[Data excerpts]
# # #

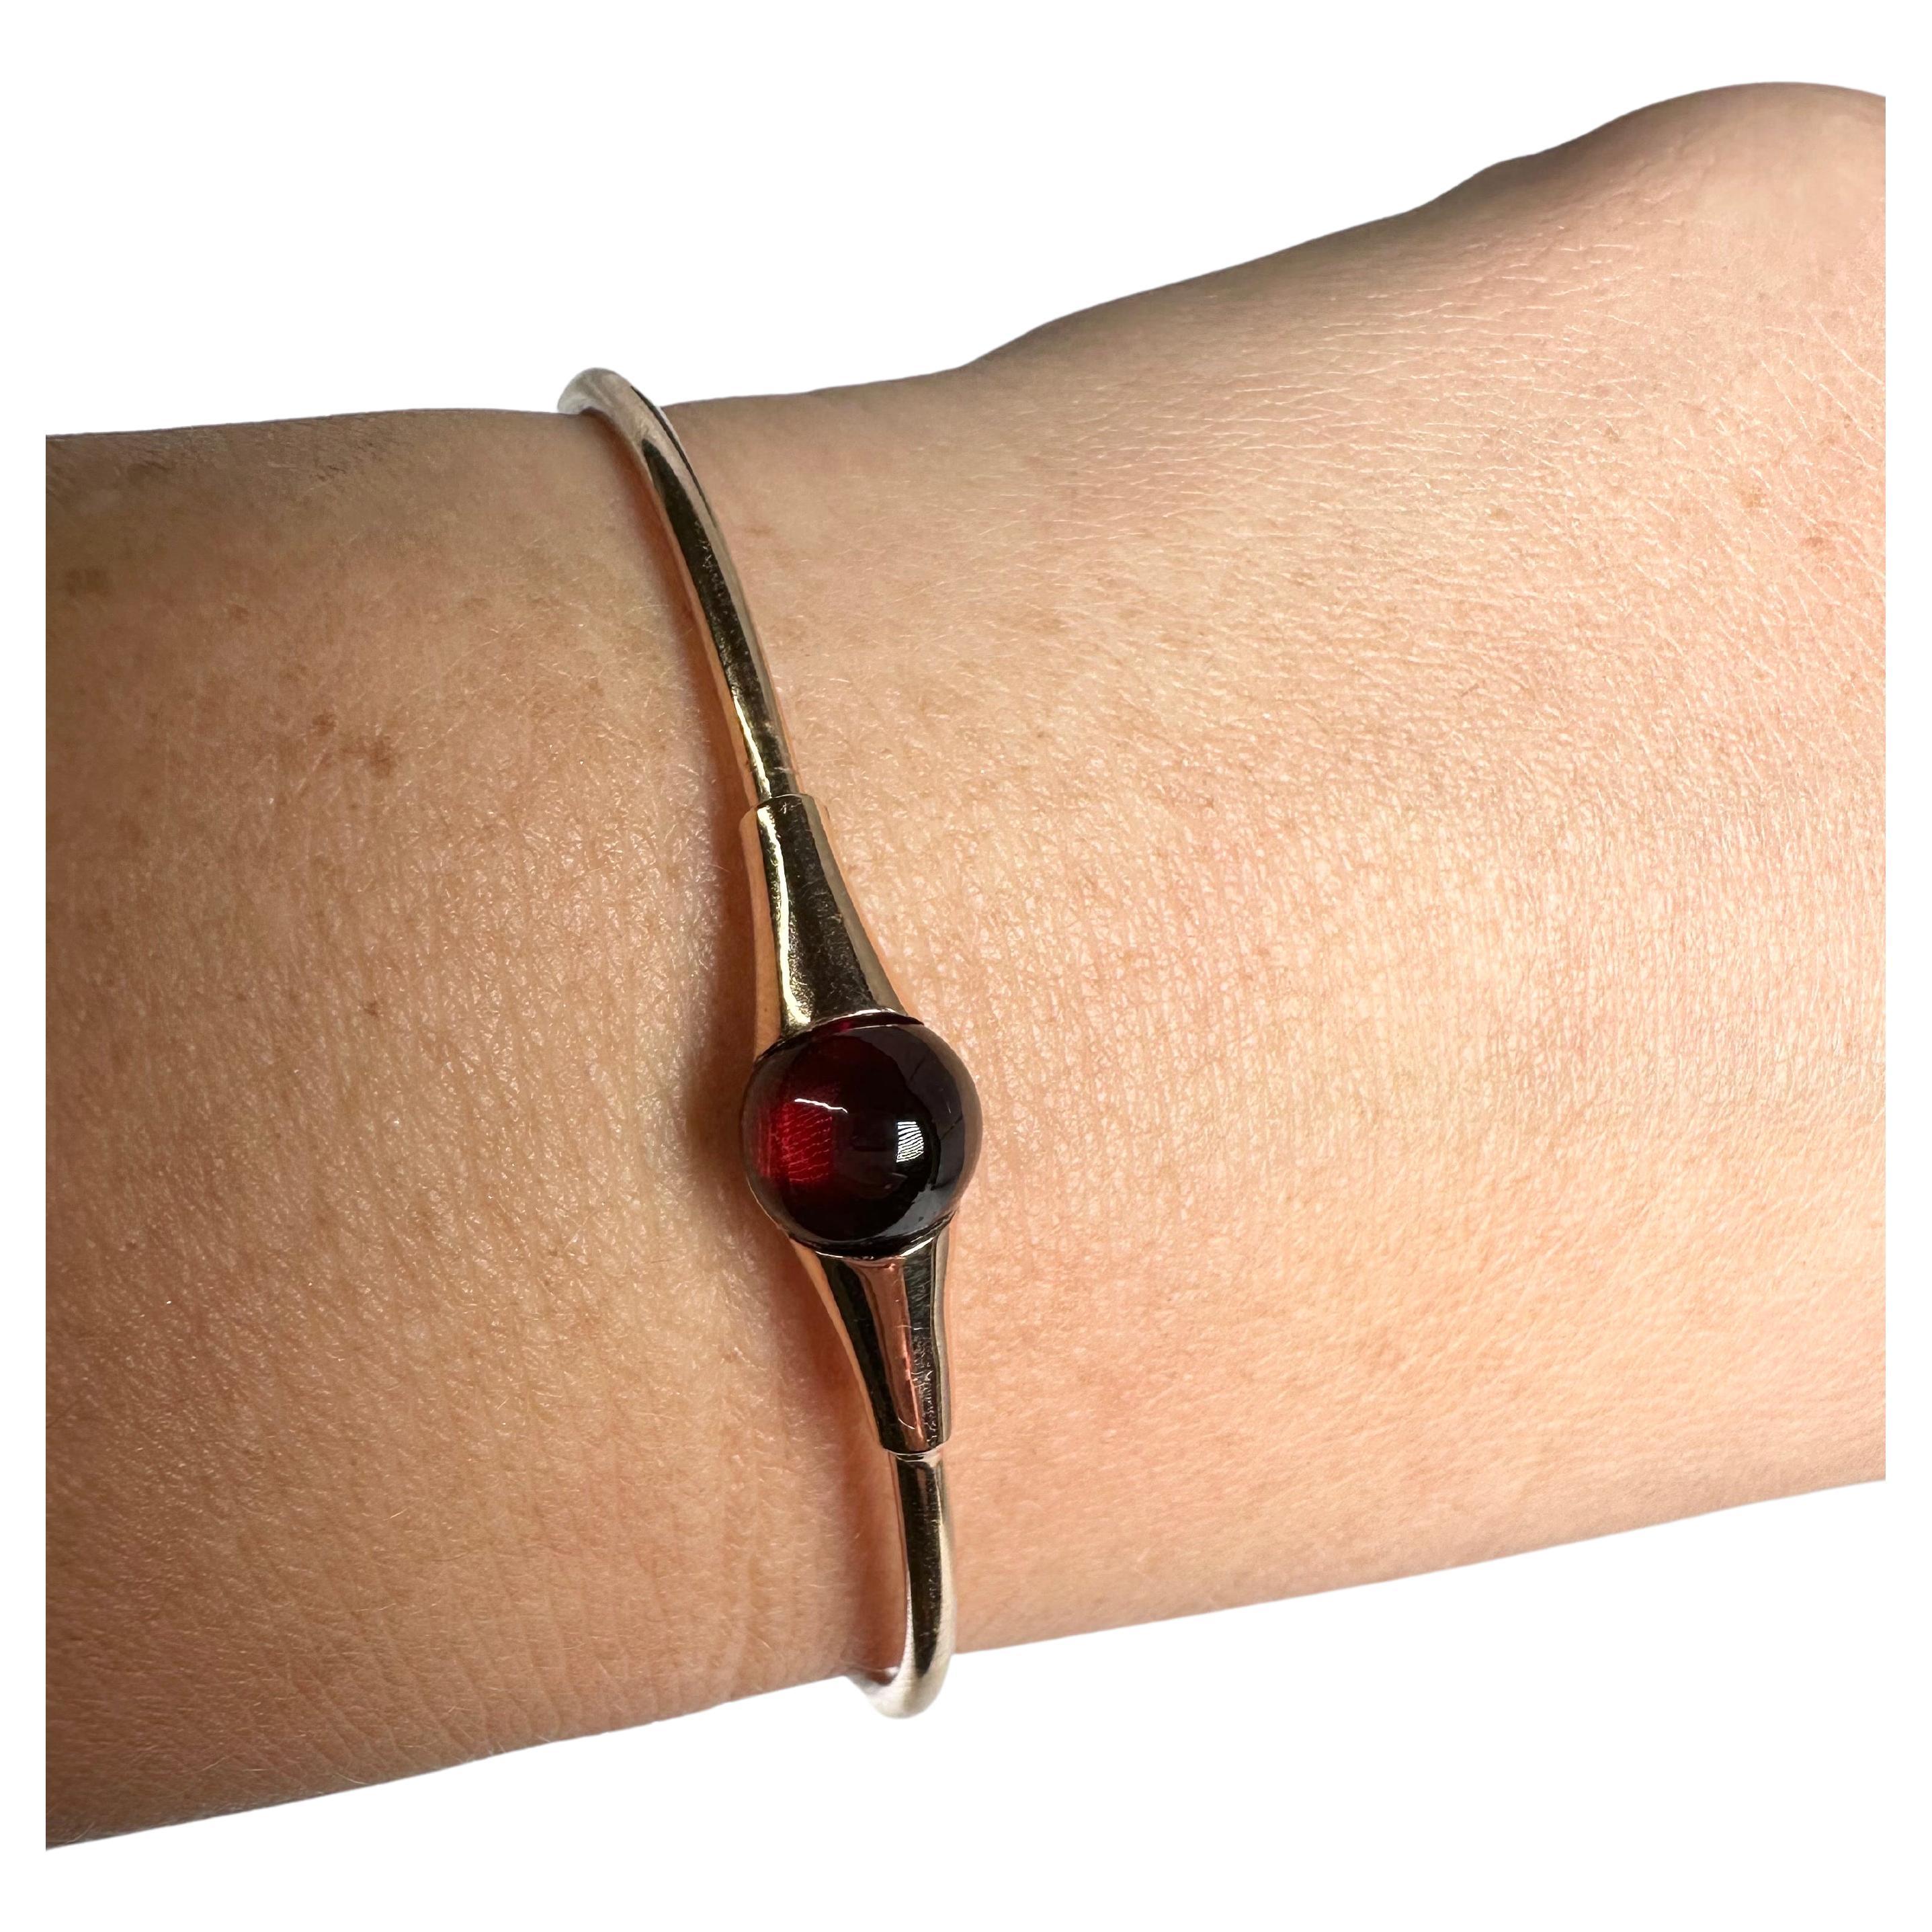 Amazingly rare garnet flexible bangle bracelet in 14KT gold, stunning red garnet in a unusual cabochon shape!

GOLD: 18KT rose gold
NATURAL GARNET(S)
Clarity/Color: Slightly Included/Red
Cut:Round Cabochon
Grams:6.46
Item 24000003kat

WHAT YOU GET
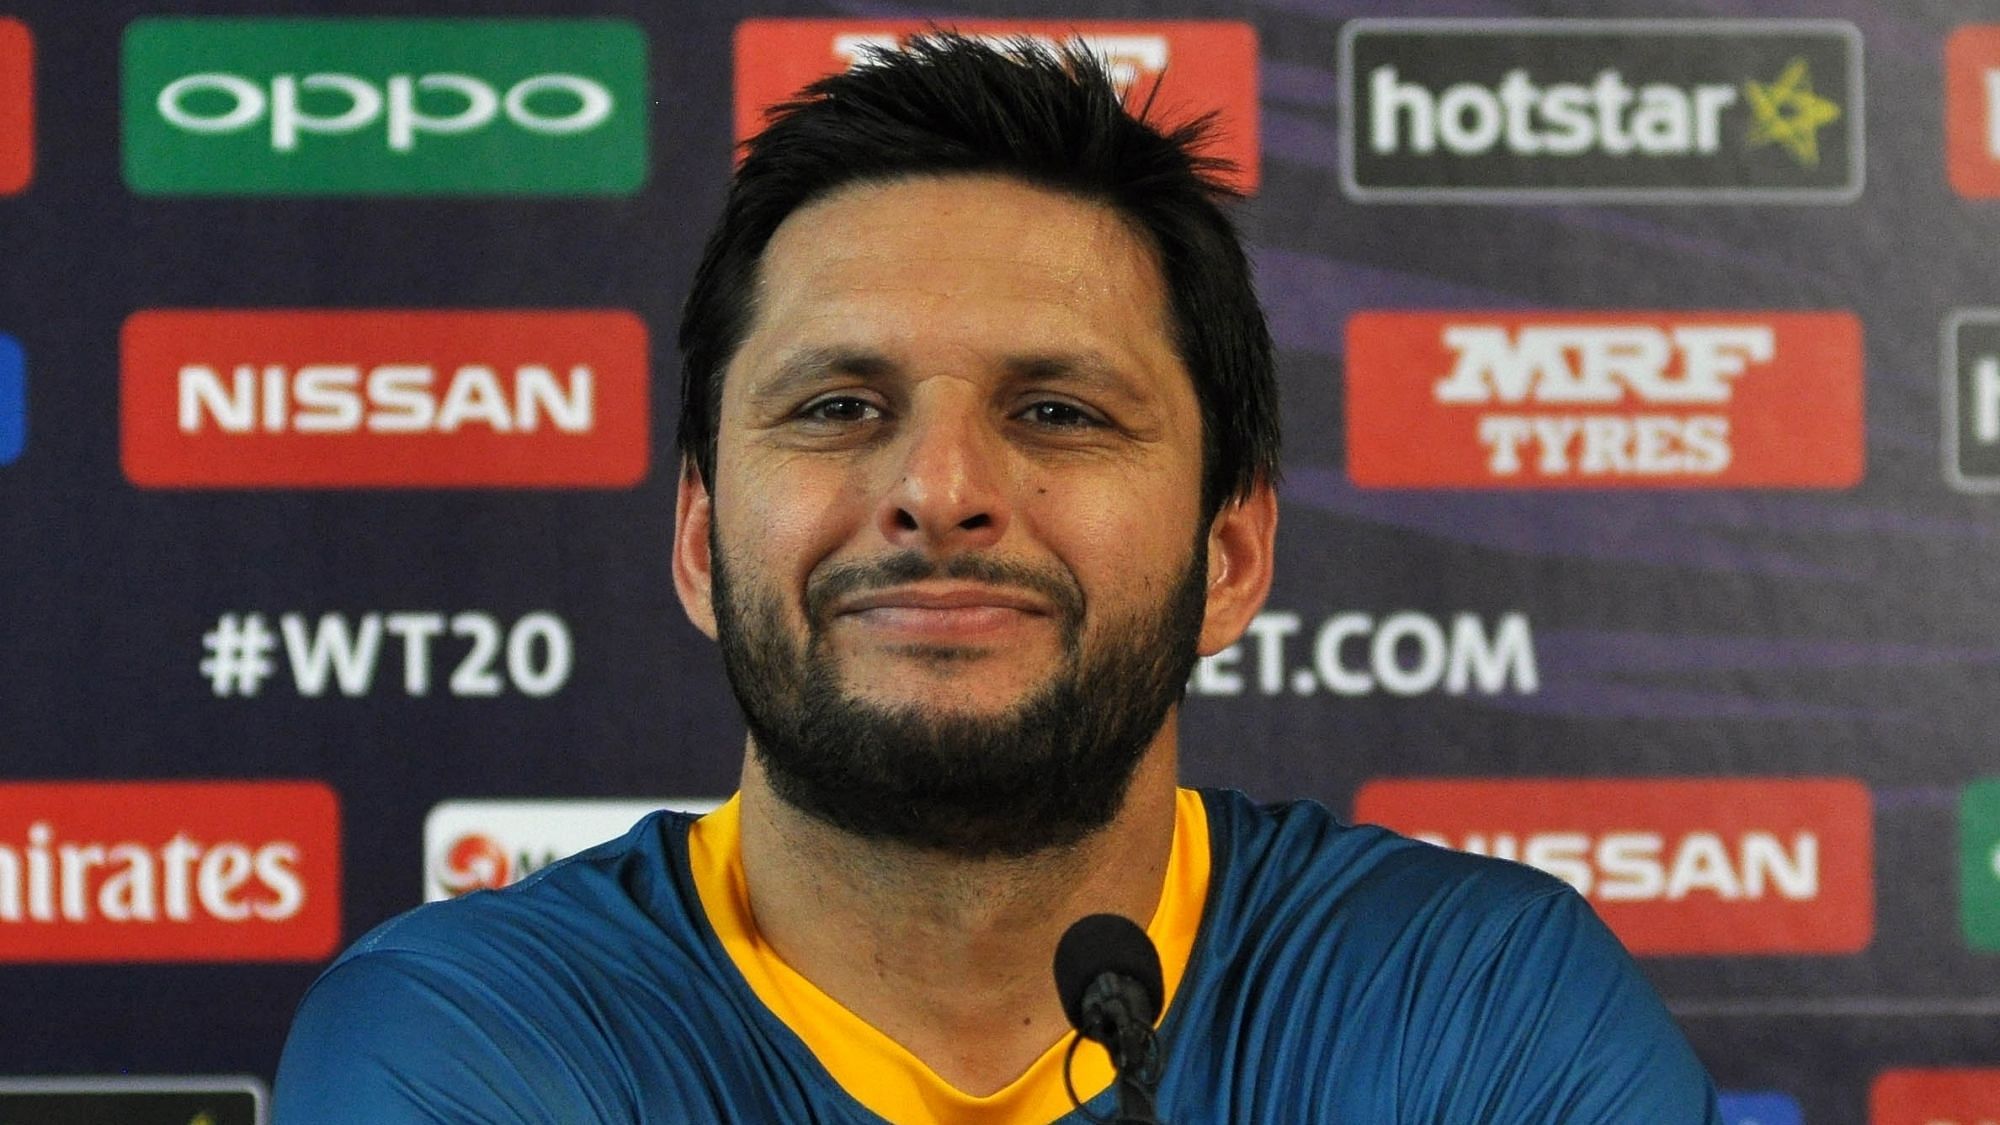 Former Pakistan captain Shahid Afridi thanked everybody for their wishes on his speedy recovery after he revealed that he has tested positive for coronavirus.

# # #

Print out every record above exactly as given. Do not include the pictures.

:: Answer to this exercise ::
 Amazingly rare garnet flexible bangle bracelet in 14KT gold, stunning red garnet in a unusual cabochon shape!

GOLD: 18KT rose gold
NATURAL GARNET(S)
Clarity/Color: Slightly Included/Red
Cut:Round Cabochon
Grams:6.46
Item 24000003kat

WHAT YOU GET
 Former Pakistan captain Shahid Afridi thanked everybody for their wishes on his speedy recovery after he revealed that he has tested positive for coronavirus.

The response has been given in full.